All apparently has been forgiven between the two. Boeing’s marketing chief, Darren Hulst, will present Boeing’s commercial view of the world and its products. Supply chain chief Ihssane Mounir will discuss Boeing’s supply chain issues. A private, invitation-only event this month is also sponsored by Boeing.

A spokesperson said Boeing is happy to have returned to work with PNAA and to present at the conference. PNAA’s executive director is out of the country and wasn’t available for comment.

Michaels, Aboulafia and Epstein return as speakers. Merluzeau isn’t a speaker and this writer hasn’t been invited back as a speaker for years.

Ironically, as of today, Airbus—which also has appeared at the conference for years—so far isn’t listed on the agenda.


17 Comments on “Boeing returns to PNAA

    • Agreed. I continue to hope (probably foolishly) that new new board structure is having an affect on Calhoun.

    • I agree its relevant. Some serious two faced statements that are right up there with the BOB (Best of Boeing)

      If a Hydrogen powered aircraft is mandated, then yea, you are going to have full government involvement because it won’t sell anywhere else and it won’t have the range to do what is done now.

      It does raise the ugly specter of Airbus just can’t divest itself from the governments involved no matter how successful they are.

      Is that a hint that an A321 re-wing is not enough?

      • Airbus produced wing parts, assembly and dressing all over for final shipment to the FAL’s. Could they choose without political pressure and just for profit it all would be made close to one EU and the Chinese FAL’s. Hence government support is needed to keep the status quo.

          • Actually I have and do just as I complain about any STATE subsidy to build a plant anywhere in the US.

            Its self defeating and only a boon to the Corporations.

            I have written my congress people but I am one voice in the wilderness.

            I have supported oil taxes as well as cruise ship taxes

  1. If by “militant” you meant “disciplined with integrity”…you are correct. Otherwise you are a petty linguist.

    • Capital does not like it when Labor is well-organized, and advocates for their joint interests- just as Capital does.

  2. I think the reason Boeing is back is the simple matter that they cannot stabilize their workforce. The line worker of today is hugely different than a few years ago, and the pre-pandemic work ethic, poor as it was, is vastly superior to today. They need to reestablish a pool of employee candidates with the skills but more importantly, the attitude to do things correctly. Reassociating themselves here gos a long way to reconnect to the local work force.

      • Scott C:

        Clearly I never worked at Boeing, but the unions I did work for had an odd aspect in that maybe 10-20% actually knew what they were doing and the rest just followed or were assisted by that sort of Petty Officer/NCO supervision.

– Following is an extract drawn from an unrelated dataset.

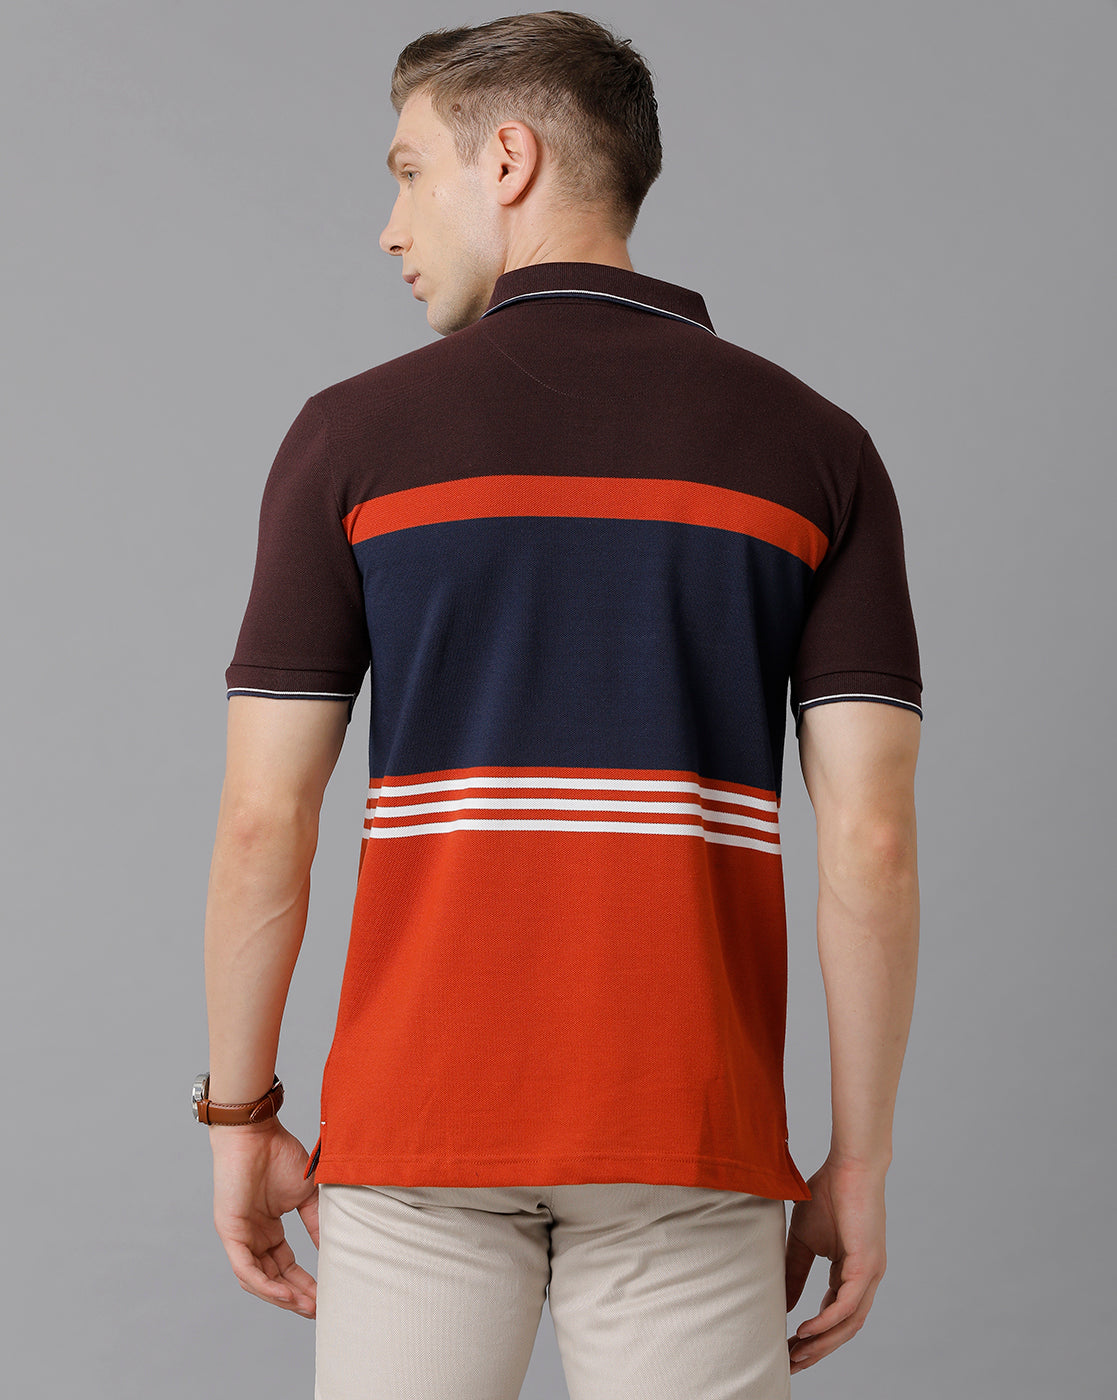 Classic Polo Men's Cotton Blend Striped Slim Fit Multicolor T-Shirt | Vta - 213 B

        That said I don’t know how Boeing gets to where they need to be. Having seen various cultures, I have seen what toxic is and does and unless forced, there is no change, it just gets swept under the rug, excuses accepted.

        Its a tough slog even if you have the will. Its going to be interesting to see going forward of course.

        • Trans……

          Isnt it interesting that you are describing Paretos Law. 20% of your workers get 80% of the work done, Amazing.

          • I did not know it was a law (grin)

            But yea, some operations better than others but Unions not so much,

  3. Mounir works in supply chain now? When did that happen? Did he lateral over to that position?

    Belated congratulations to Christian Scherer at Airbus on his promotion from head of sales to CEO of Airbus Commercial. Well deserved.

    • Mounir was named some months ago and goes within Boeing’s routine of moving people around.